In this episode of the Notes from the Field series database expert Andrew Duthie explains about Validation Rules and where they should be implemented. Read the experience of Andrew in his own words.


If you’re a DBA dealing with developers, you may run into the question of whether it’s better to allow the developers to write validation rules in their .NET app layer, or whether you should put your foot down and insist that the validation be implemented in stored procedures. The answer, as you might expect from a consultant, is “it depends.”

Advantages of Code-based Validation

One of the things that might inform your decision on what to use for validation is the skills possessed by the development team. If you’ve got a developer or developers who are well-versed in C# and LINQ, but don’t have a lot of experience writing stored procedures, you may want to cut them a break and let them use the tools they’re more familiar with.

Writing validation rules in code at the application layer allows developers to stay within the realm of .NET objects, which can result in faster development time.

Disadvantages of Code-based Validation

While there are probably more that could be discussed, I’ll mention just two of the significant disadvantages to writing validation rules in code.

First, if the code for the validation rules is using LINQ, particularly if the rules are complex, there’s the possibility of queries that generate sub-optimal SQL under the covers. This can be mitigated by profiling the queries to make sure that any performance hogs are caught as early as possible, but it’s certainly a valid concern.

Second, from a maintainability standpoint, having rules in the app means that adding rules requires the app to be recompiled and redeployed. For some apps and environments, this may not be a big deal, but in others, it could definitely be a deal-breaker.

Advantages of Stored Procedure-based Validation

Using stored procedures for validation provides some key advantages. One is proximity to the data. Unlike code-based validation, which may require pumping significant amounts of data over the wire from the database to the app tier, stored procedure-based validation keeps the logic on the DB tier, so performance may be significantly better.

Another advantage is that with a good execution design (for example, a master stored procedure that executes a list of validation rules in a specified order based on a configuration table), it can be relatively easy to introduce new rules with less disruption than having to recompile and redeploy an entire application.

Disadvantages of Stored Procedure-based Validation

The major disadvantage of using stored procedures for validation, speaking as an app developer, is the basic impedance mismatch between .NET code (C# or Visual Basic) and T-SQL. While it’s certainly possible for developers to master both, there’s a mental cost in switching between these environments, and a potential for mistakes when transitioning from one to the other.

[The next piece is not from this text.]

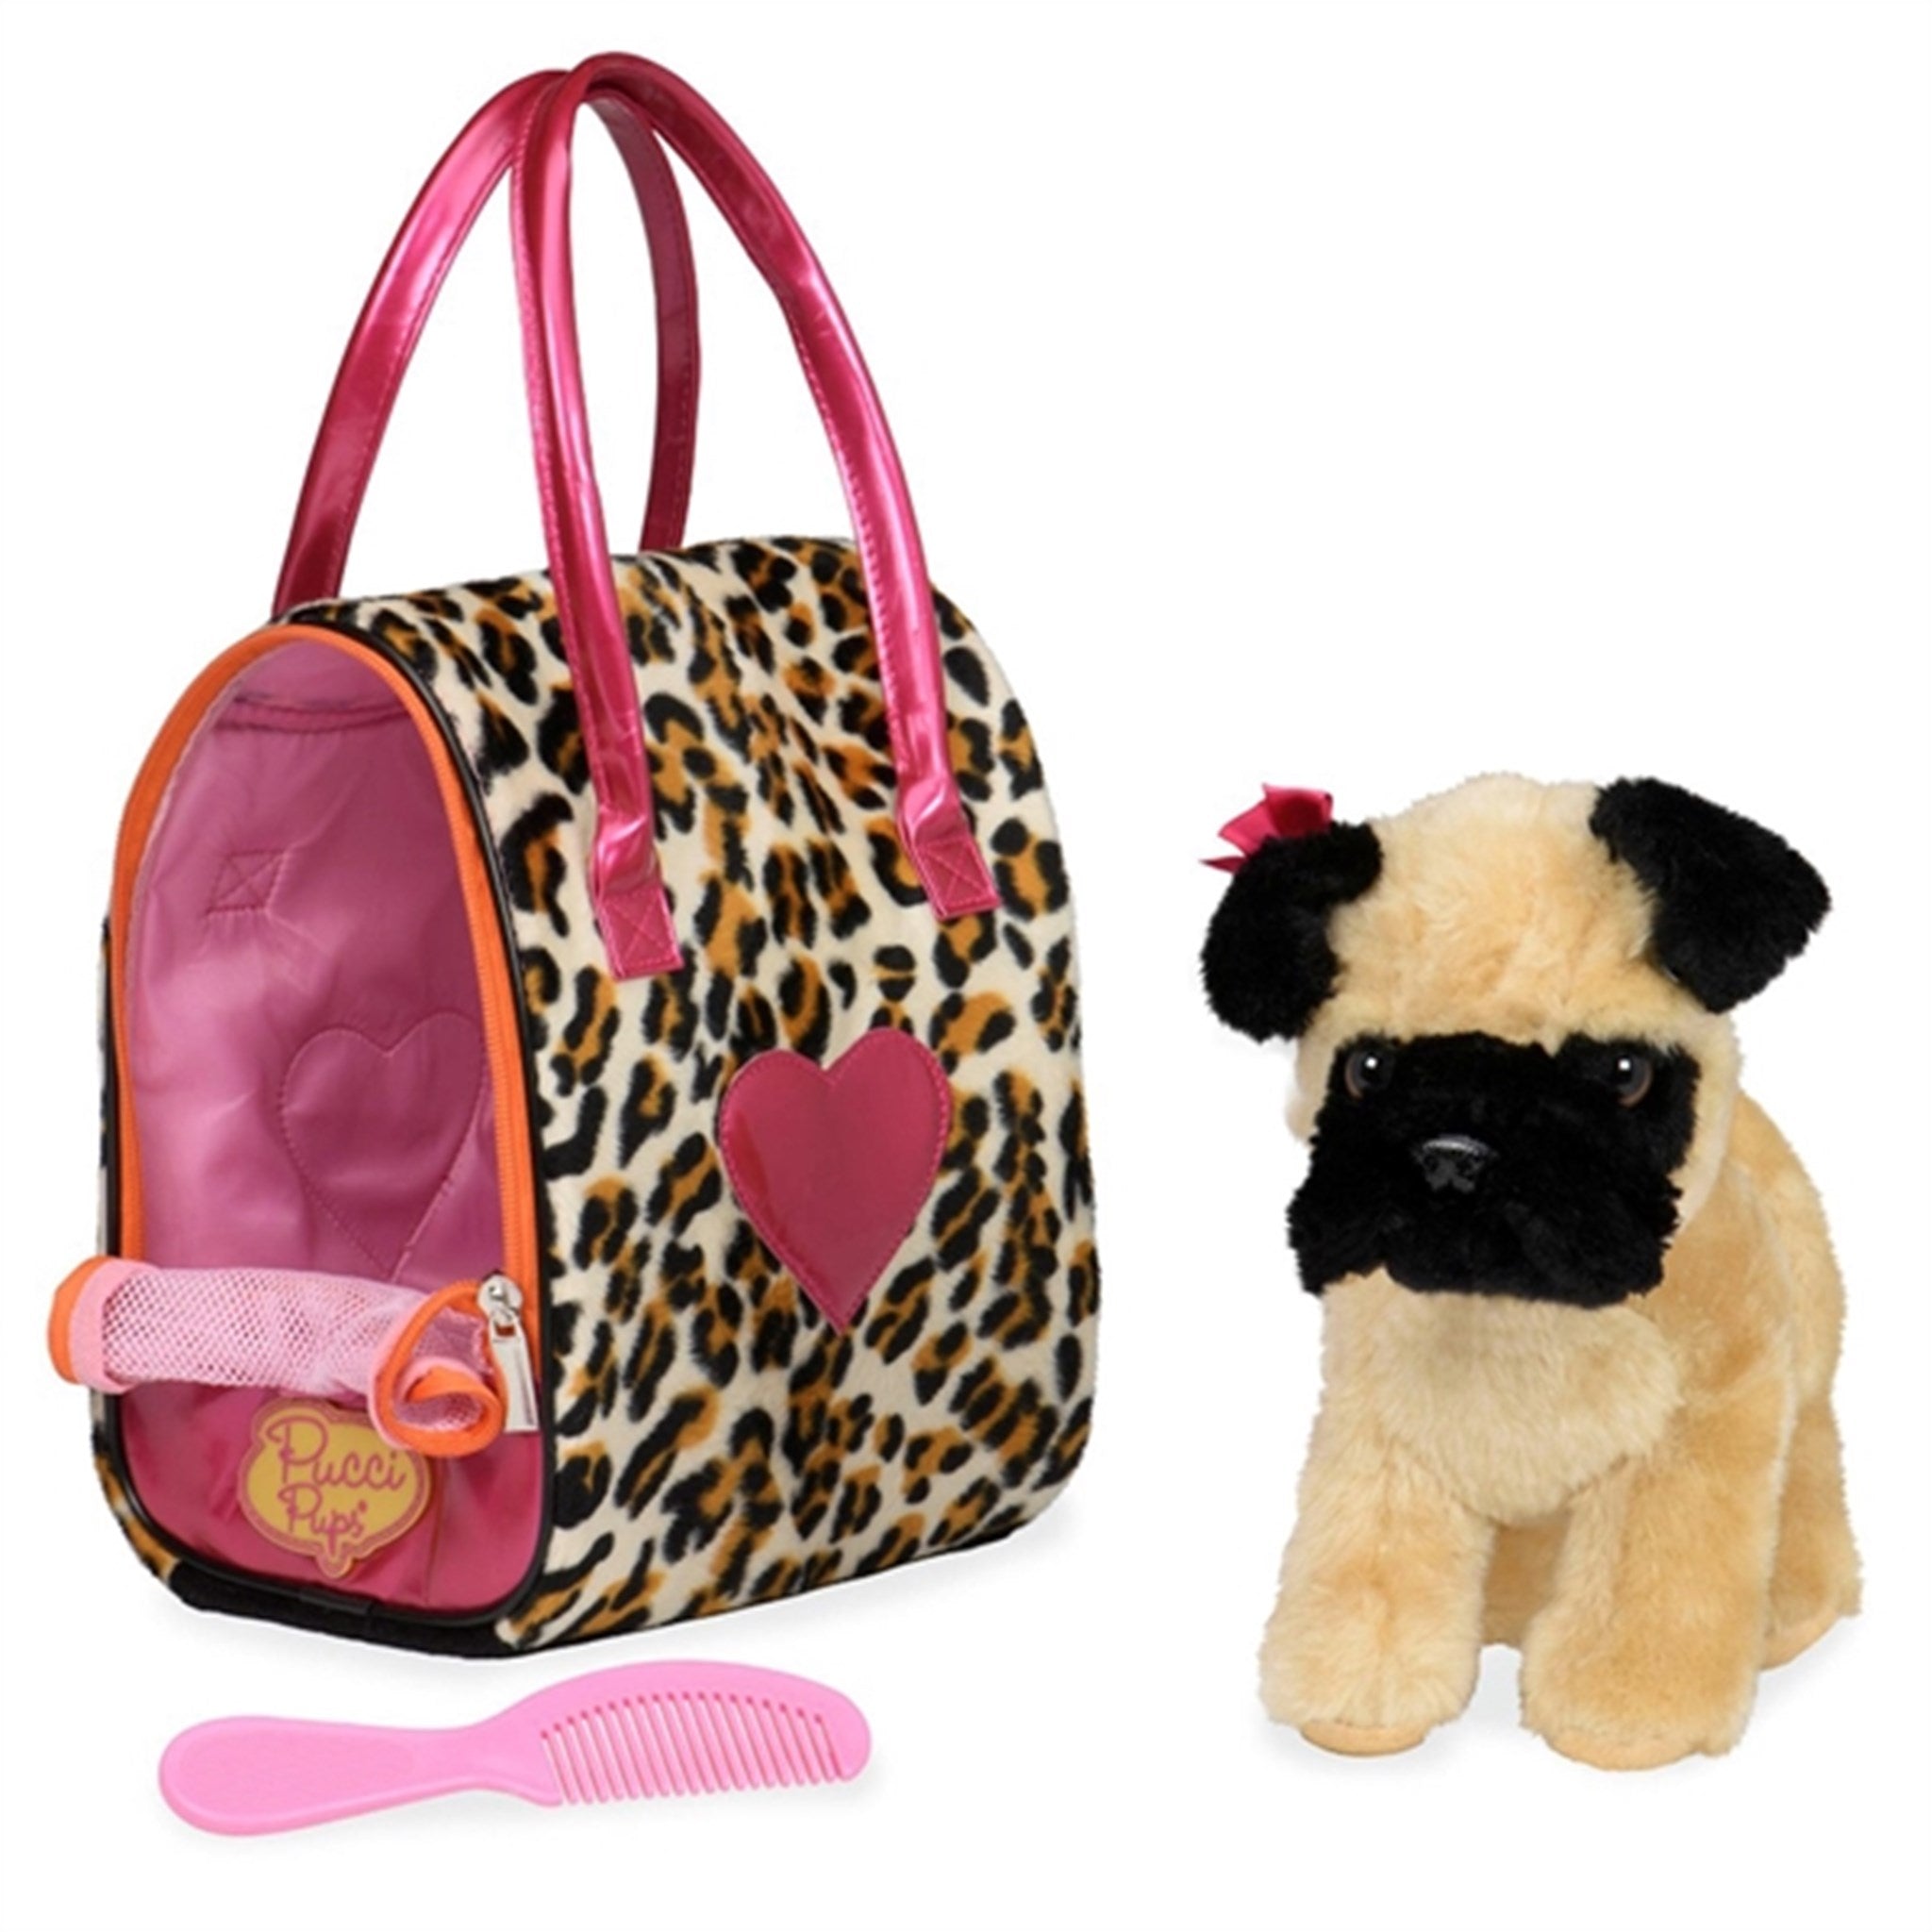 Pucci Pups Dog in Bag Leopard

The other downside of stored procedures is the mixing of application logic between the app tier and the database tier. While validation close to the data can, as noted, improve performance, if some parts of the application logic live in both the app and database tiers, this could make for more costly maintenance down the road.

Consistency is Key

One additional point I’d like to make is that it’s probably wise to choose one option or the othernot both. If you have multiple applications in development (or even in maintenance mode), having a mix of app-based or sproc-based validation will likely give you headaches at some point. So get your team together and have a discussion about how you’re currently handling things, and whether there might be a better way.

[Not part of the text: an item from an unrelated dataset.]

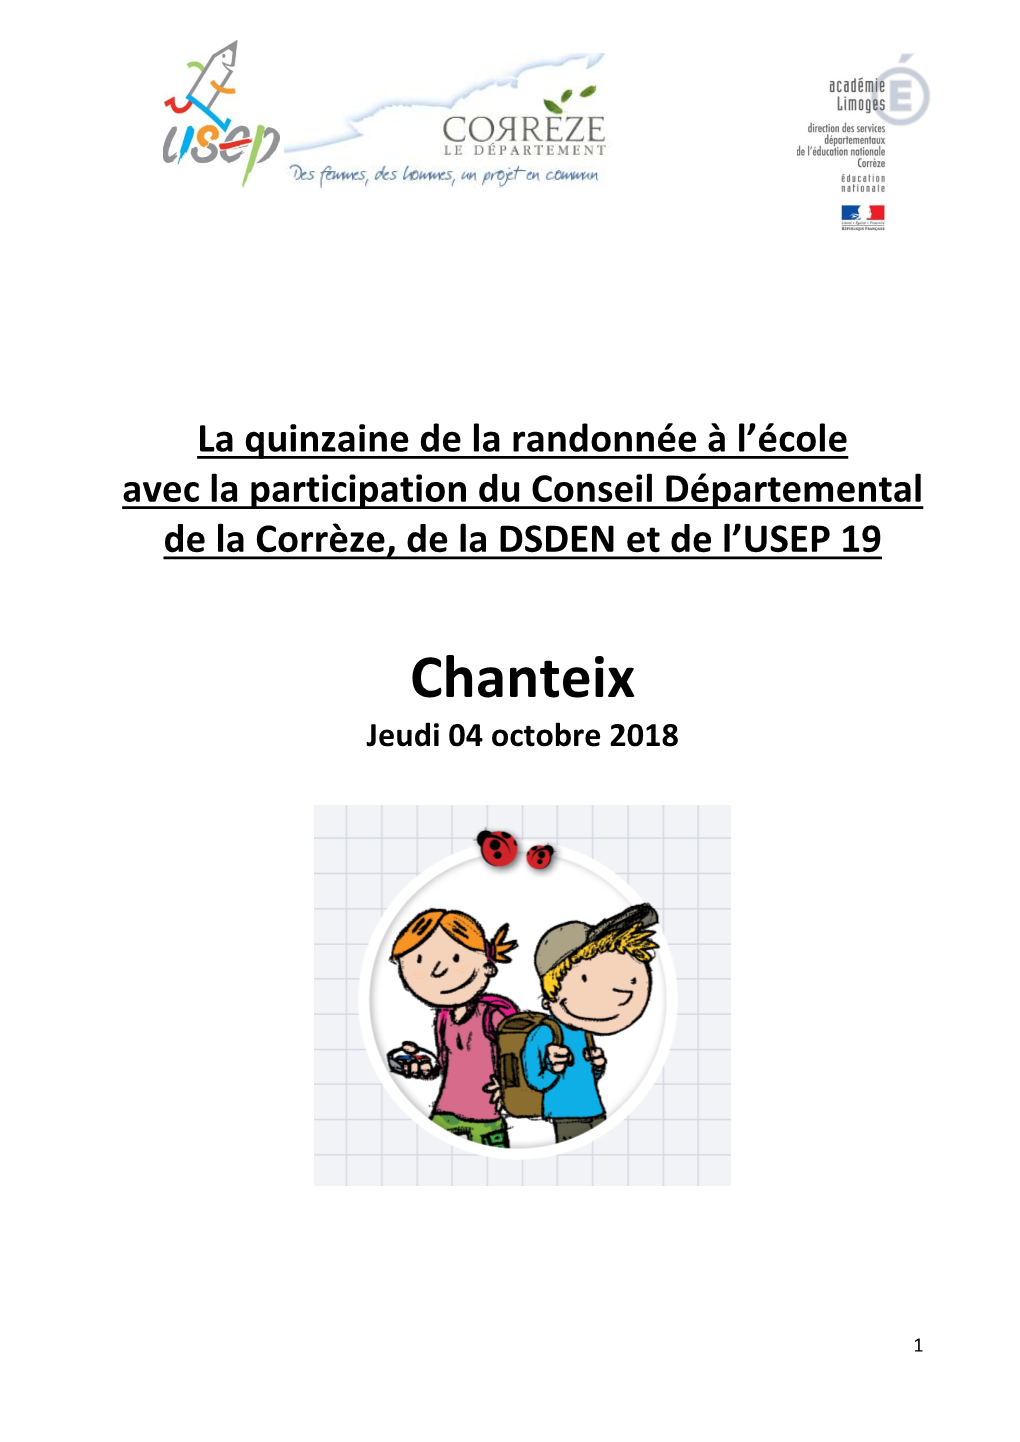 Chanteix Jeudi 04 Octobre 2018

The short answer to “which is better” is really “either.” It all depends on the skills of your developers, the performance you need from your app, and the other factors I’ve discussed. Although I’m coming at this from the perspective of an app developer, I’ve recently become more comfortable with the idea of stored procedure-based validation, particularly in instances where more than one app may be targeting the same database, since this can help reduce redundancy, and centralize management of rules.

I’d love to get your feedback on how you’ve handled validation rules in your environment, so feel free to share a comment below.

If you want to get started with SQL Server with the help of experts, read more over at Fix Your SQL Server.

Reference: Pinal Dave (http://blog.sqlauthority.com)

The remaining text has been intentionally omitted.